Борьба с «народными ересями» продолжалась до конца XIV века[90]. По наблюдению американского специалиста по истории инквизиции Генри Ли, наиболее эффективными из них были те, которые вызывали сильные эмоции у мирян. Успешному распространению ереси способствовала способность её лидера выразить религиозные идеалы простыми словами. Распространёнными идеями были апостольская бедность[англ.] и освобождение христиан и церкви от мирских амбиций и богатства. Все они, включая крайних оппонентов Католической церкви катаров, рассматривали себя как истинных последователей Христа и апостолов.
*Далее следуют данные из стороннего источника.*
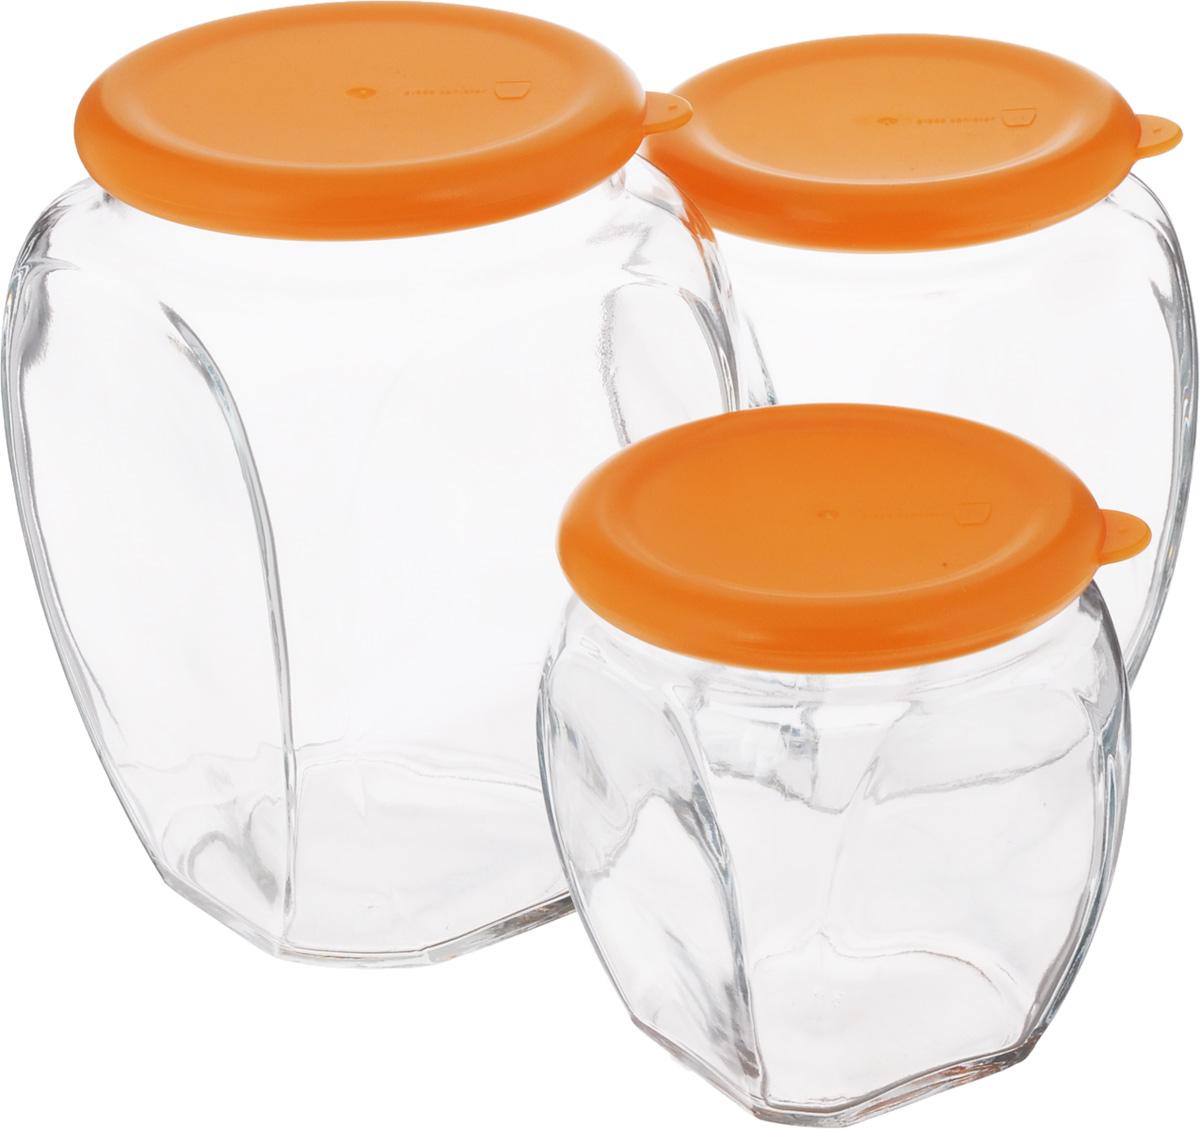 Набор контейнеров для сыпучих продуктов Glasslock, 3 шт. IG-674IG-674Набор Glasslock состоит из трех контейнеров длясыпучих продуктов. Изделия выполнены изэкологически чистого закаленного ударопрочногостекла и оснащены пластиковыми крышками.Контейнеры удобно ставятся друг на друга дляэкономии места на кухне.Изделия плотно и герметично закрываютсякрышками, что позволяет продуктам дольшеоставаться свежими, сохранять аромат и вкус.Благодаря прозрачным стенкам, можно видетьсодержимое. Размер подходит для хранения вдверце холодильника.Такие контейнеры идеально подходят для храненияразличных сыпучих продуктов: орехов, печенья,круп, хлопьев, варенья и т.д.Можно мыть в посудомоечной машине. Подходятдля хранения пищи в морозильнике ихолодильнике. Не использовать в микроволновойпечи и духовке. Комплектация: 3 шт.Объем контейнеров: 350 мл; 500 мл; 815 мл.Диаметр контейнеров (по верхнему краю): 7,5 см; 7,5 см; 8,5 см.Высота контейнеров (с учетом крышки): 9,5 см; 12 см; 14,5 см.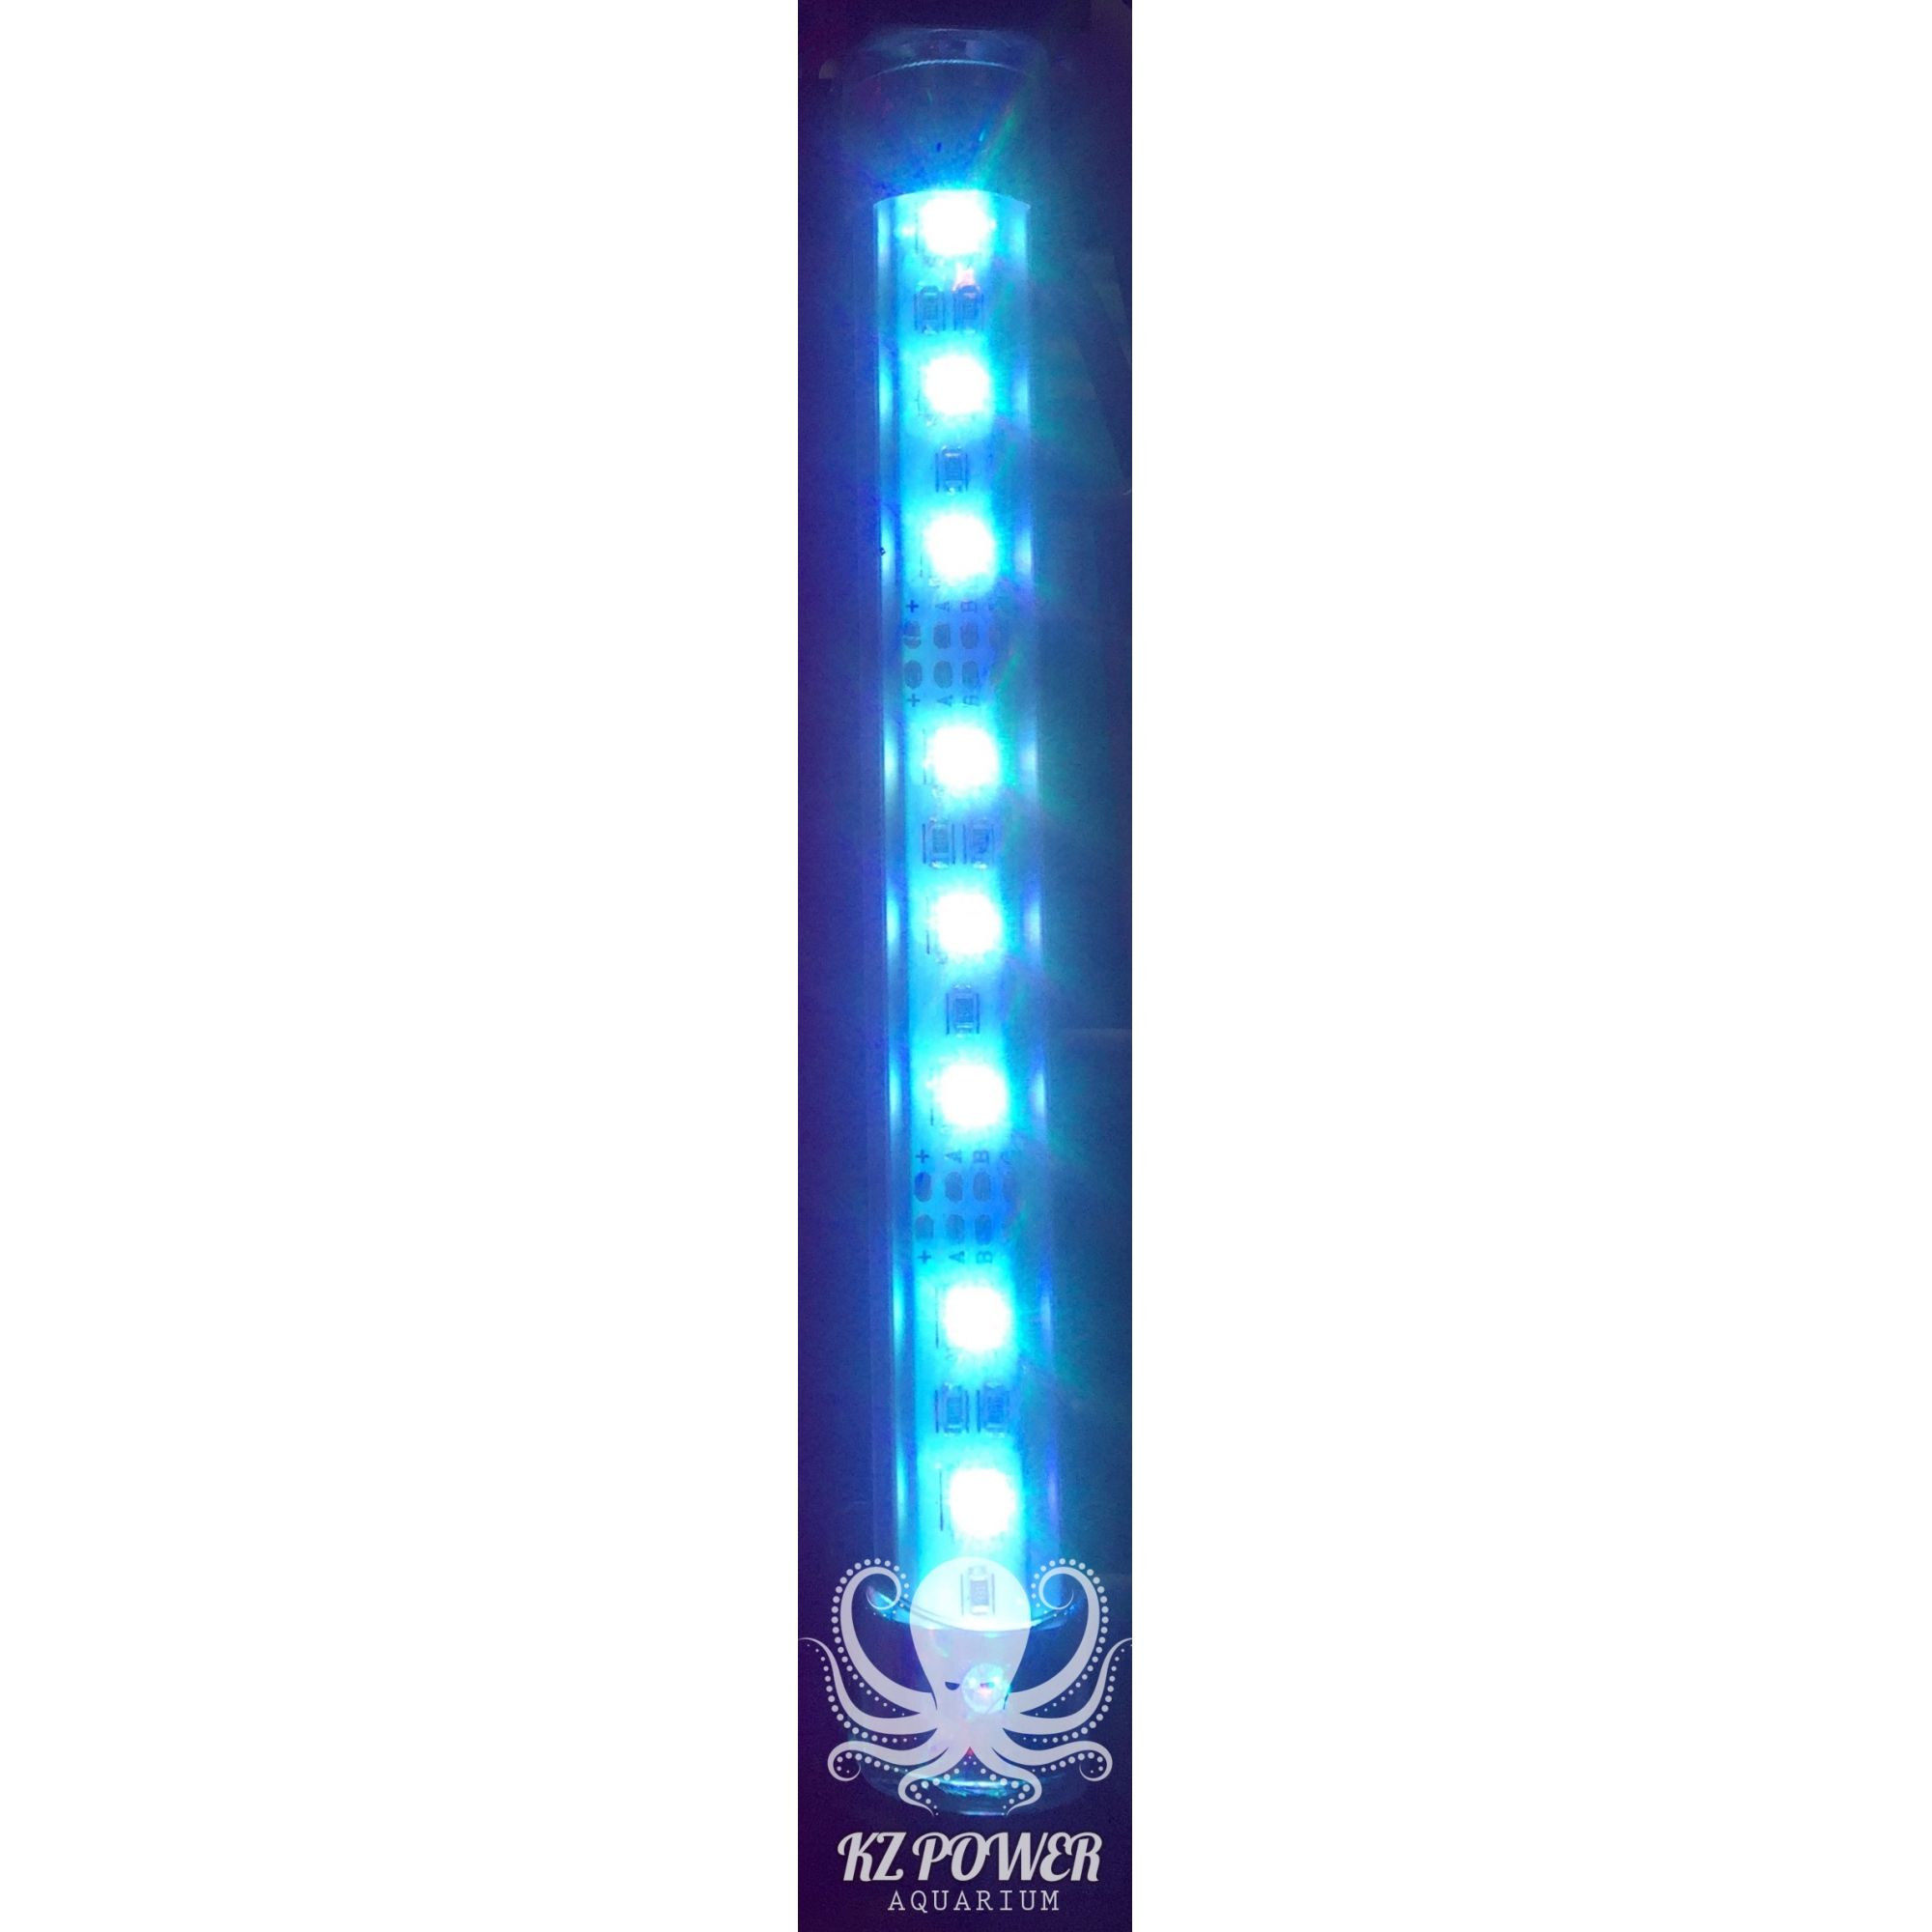 Luminaria Led Aqualumi RGB 30cm + Fonte e controle remoto  - KZ Power

Эти движения были распространены по всей Европе, и точное количество участников этих движений не известно[91]. В историографии XIX века существовали две основные теории, объясняющие происхождение средневековых ересей. Согласно одной из них, они являлись наследниками манихейства, с его противопоставлением добра и зла, где злом была официальная церковь. По другой, сектанты считали, что существующая церковь отступила от христианских идеалов и потому утратила свой авторитет. В XX веке эти представления стали считаться упрощёнными, современные историки видят в «народных ересях» органичное развитие христианской жизни, в которой возросла роль благочестия. Эти же причины лежат в истоке масштабных церковных реформ, крестовых походах и расцвете церковной архитектуры. В настоящее время теории, связывавшие средневековые еретические учения с раннехристианскими доктринами (манихейство, донатизм), большинством исследователей отвергнуты. Однако точка зрения, что дуалистические ереси были занесены в Западную Европу с Балкан, также существует[92].
Борьба с ересью
Распространение практики смертной казни
По мнению французского богослова Мориса Бевено, ранние отцы Церкви выступали против смертной казни за ересь, и те высказывания, которые якобы свидетельствуют об обратном, являются следствием неправильной интерпретации[93]. Инициатива в данном вопросе принадлежала светской власти, после того как ересь была введена в гражданское правоФессалоникийским эдиктом в 380 году императором Феодосием I. До его издания церковь не имела поддержки со стороны государства или каких-либо правовых механизмов для борьбы с ересью. Согласно историку Созомену, этим эдиктом император повелел, чтобы «неправославные не делали церковных собраний, не учили вере и не рукополагали ни епископов, ни кого-либо другого». Еретики лишались прав и изгонялись из городов и сёл. Дополнительно устанавливались тяжкие наказания, которые, как отмечает историк, император не собирался приводить в исполнение, имея в виду напугать подданных[94]. В том же году на соборе[нем.] в Сарагосе был осуждён испанский ересиарх Присциллиан, а через пять лет по настоянию епископов император утвердил его смертную казнь. По мнению Бевено, это событие нельзя рассматривать как показательное для всей церкви. Аналогичным образом, другая значительная испанская ересь, адопционизм, в конце VIII — начале IX века также не привела к казням еретиков[95]. В 407 году император Аркадий объявил ересь преступлением против общества, «поскольку всякое оскорбление божественной религии причиняет вред всем». Смертную казнь для манихеев установил Анастасий I, а затем подтвердил Юстиниан I[96].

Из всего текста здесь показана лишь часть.